Copy out again, unchanged, the listing below from the line that has "Заседание парламента Грузии." through the line that has "3D Lakers Wallpaper".

### Records for the task ###

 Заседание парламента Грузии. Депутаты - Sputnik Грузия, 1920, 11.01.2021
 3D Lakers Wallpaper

###
### Records for the task ###

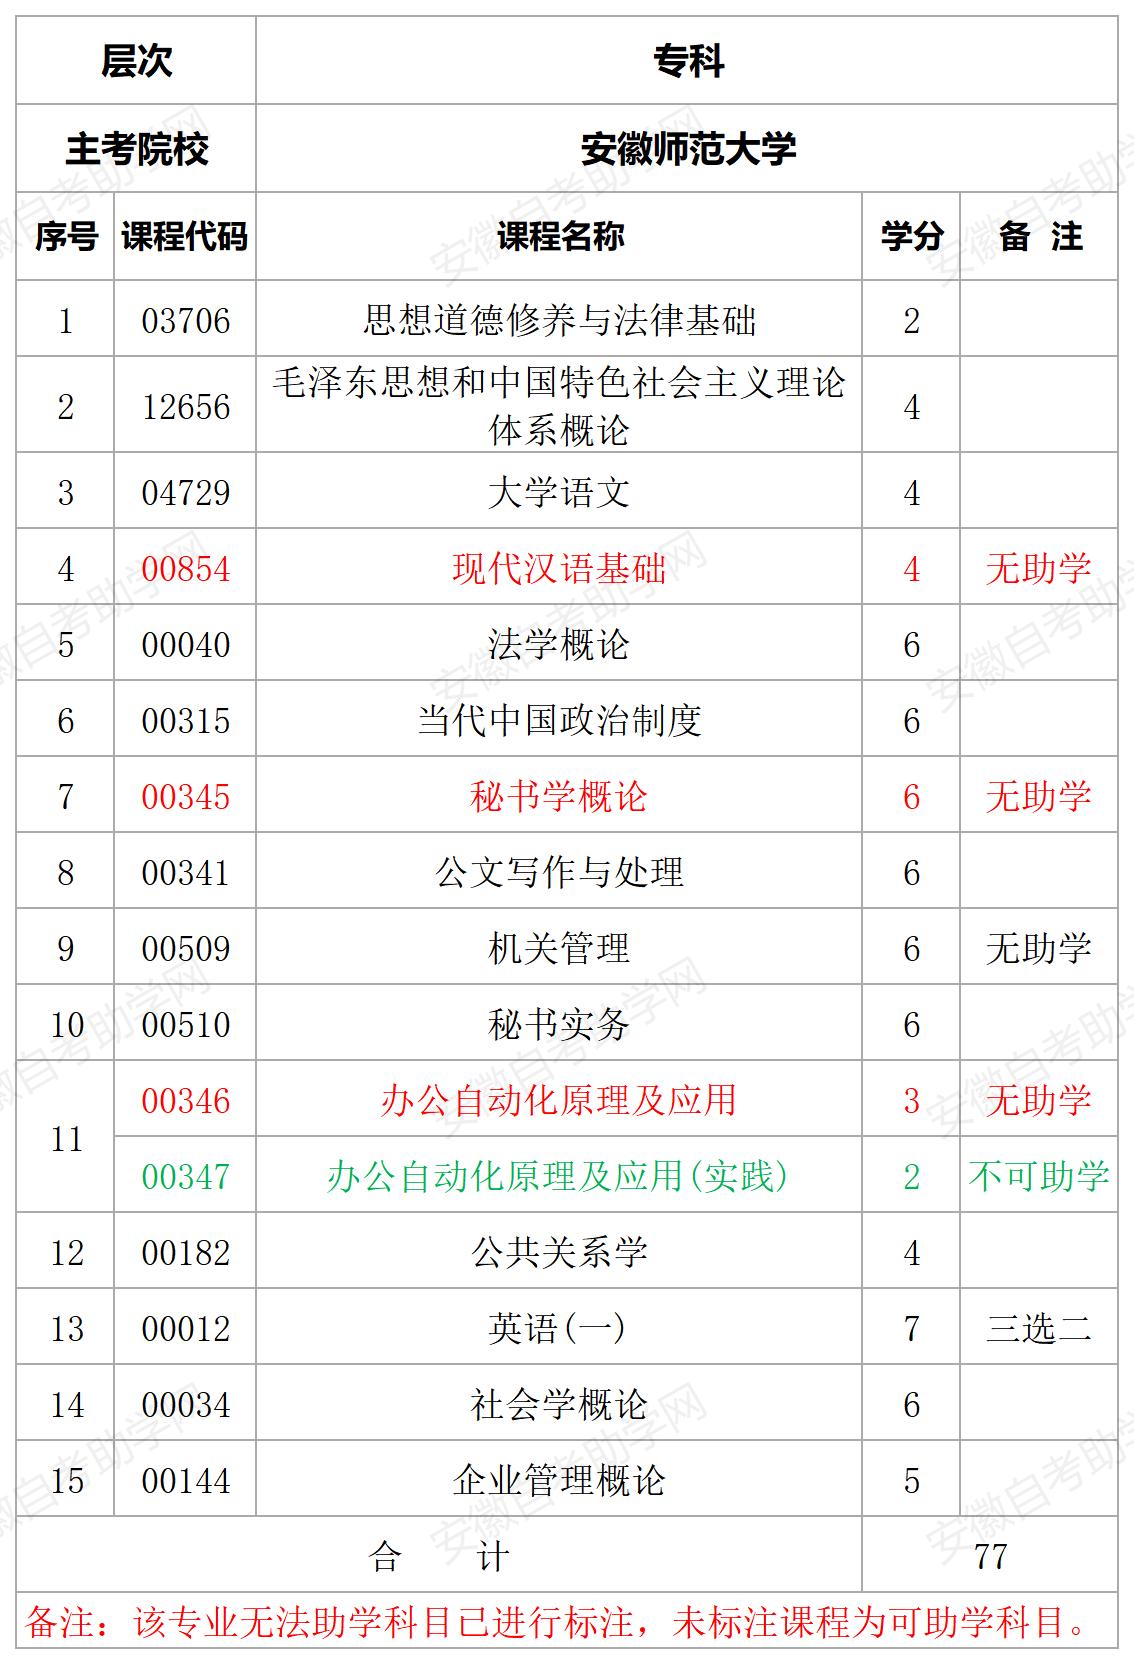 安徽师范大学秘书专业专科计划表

###
### Records for the task ###

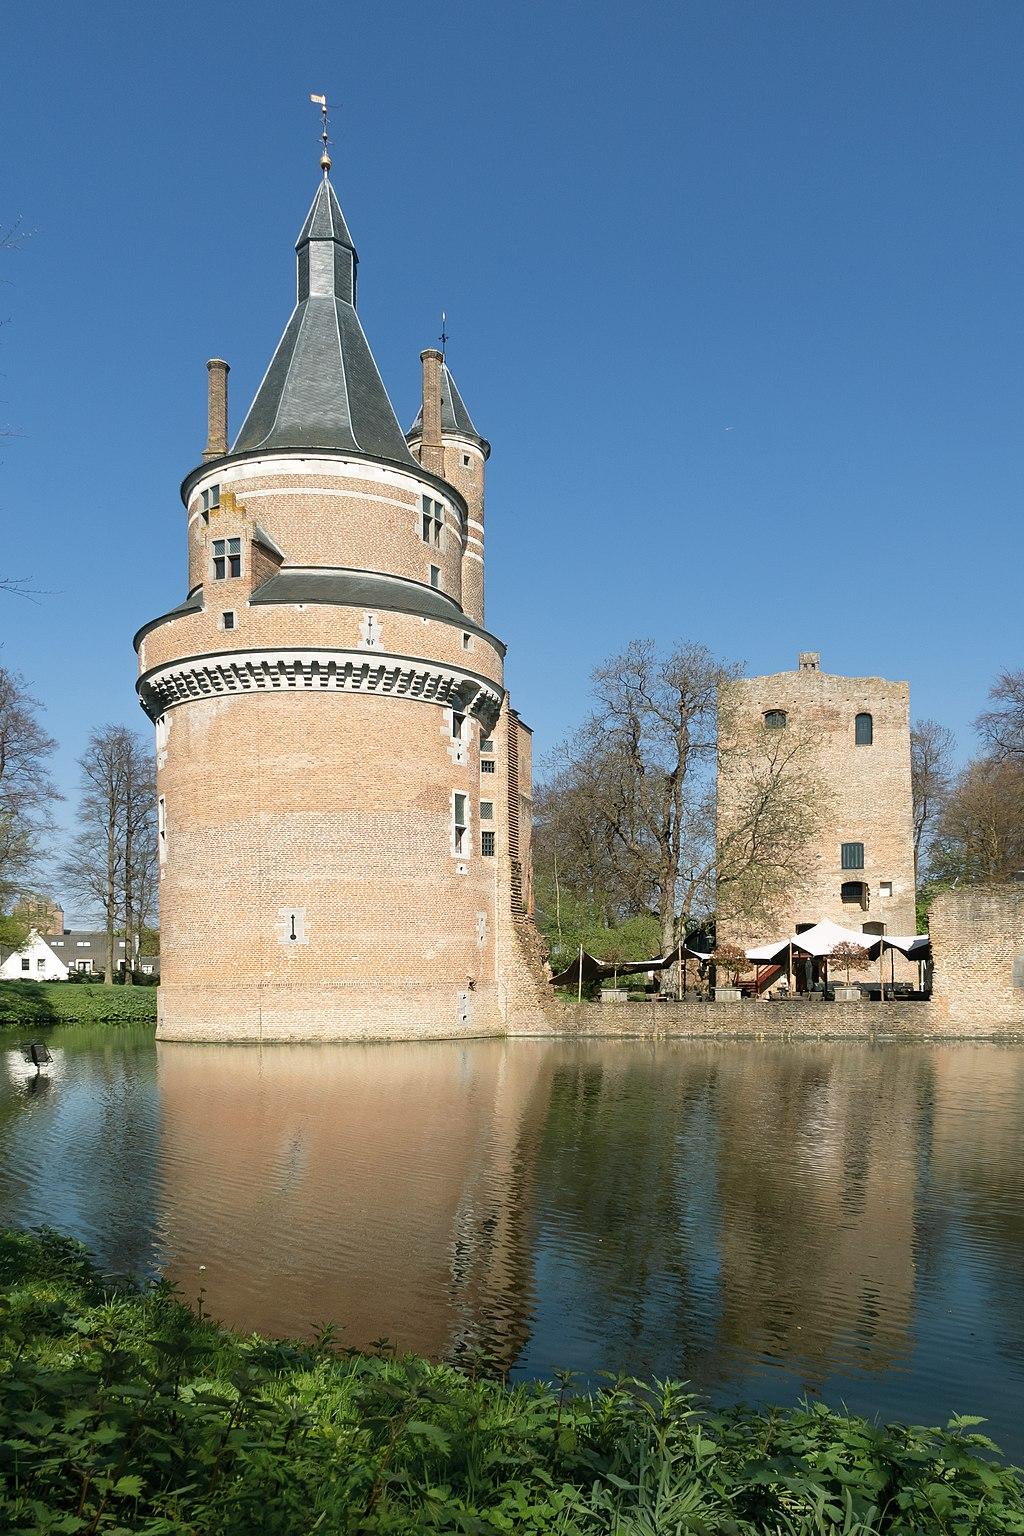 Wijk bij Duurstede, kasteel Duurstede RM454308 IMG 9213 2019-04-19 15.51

###

Result of this task:
 Заседание парламента Грузии. Депутаты - Sputnik Грузия, 1920, 11.01.2021
 3D Lakers Wallpaper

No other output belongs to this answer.